And that's pretty much all it takes to get that preferences panel up and saving stuff in the user defaults. Now, to get stuff out of the user defaults, I use bindings in a way that I guess is kind of novel. Not a lot of people have done it yet.

The problem that has to be solved is that what you saw in the UI is that there's a checkbox and a number. But in the API for this document controller, there's just a number, the autosaving delay. And if the delay is zero, then it doesn't autosave. But of course, that isn't the kind of thing you would want to represent in the UI to the user directly. Type a zero if you don't want autosaving. Not good enough. So we put the checkbox, we put the custom value. So we end up with these two numbers.

We have to make them, we end up with these two values. We have to make them just one number to show it on this document controller. And the way I set it up is that I added bindings to my app delegate. Why did I put it in the app delegate? Because it was there. And, you know, this didn't deserve like a whole other class. So, and there's other ways to do this besides bindings.

But I was kind of experimenting a little bit. So what we did is an interesting feature. What we did is take advantage of an interesting feature of the default. Implementation of key value binding. If you bind an object, any doc, any object, even like the app delegate like this.

And it doesn't have, you know, binding support already. The default implementation of key-value binding will just use key-value coding to set the value as it's changed. So we bind our-- Our app delegate to the user defaults using this key, it's just, it's the same, The key is autosaving documents, and there's another one, autosave delay. And we just use the same key that we're using to put it in the user defaults.

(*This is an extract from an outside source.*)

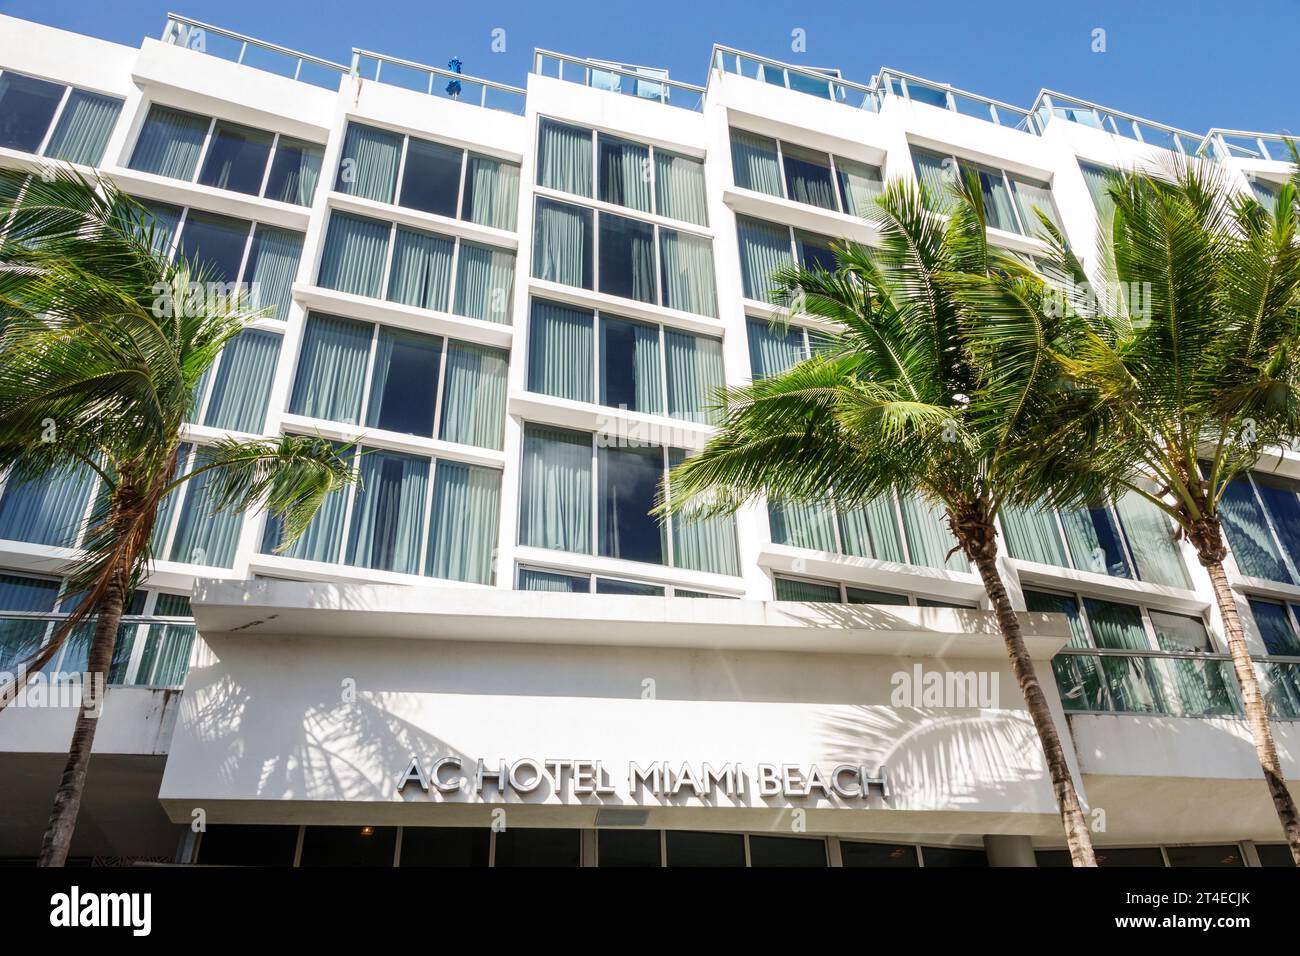 Miami Beach Florida, Außenfassade, Gebäude Vordereingang Hotel, Collins Avenue, AC Hotel by Marriott Miami Beach Schild, Hotels Motels Geschäfte Stockfoto

So we bind the app delegate directly to the user defaults. Now because we bound that, what that means is that key value binding is going to use key value coding to tell the app delegate when the value changes. So we have to be key value coding compliant for these two keys, the autosave documents, yes or no, and the autosave delay. And all we had to do to do that was to add two methods, autosaving documents and set autosave delay.

So, and in both cases, they do the right thing. It boils down to an invocation of this NSDocument controller method, setAutoSavingDelay. So if autosaving, then we set the delay to the real number of users typed in. If that checkbox is not checked, then we just set it to zero. So actually, you can see these get invoked.

[Transcript missing]

I don't know if you can see this too well, but it's invoking our set autosaving delay method. And what happened is basically the value went from bindings. It got set in the user defaults, and because user defaults is KVO compliant, you know, observable for a number of things, it bounced right back up into this bindings that we'd added to the app delegate.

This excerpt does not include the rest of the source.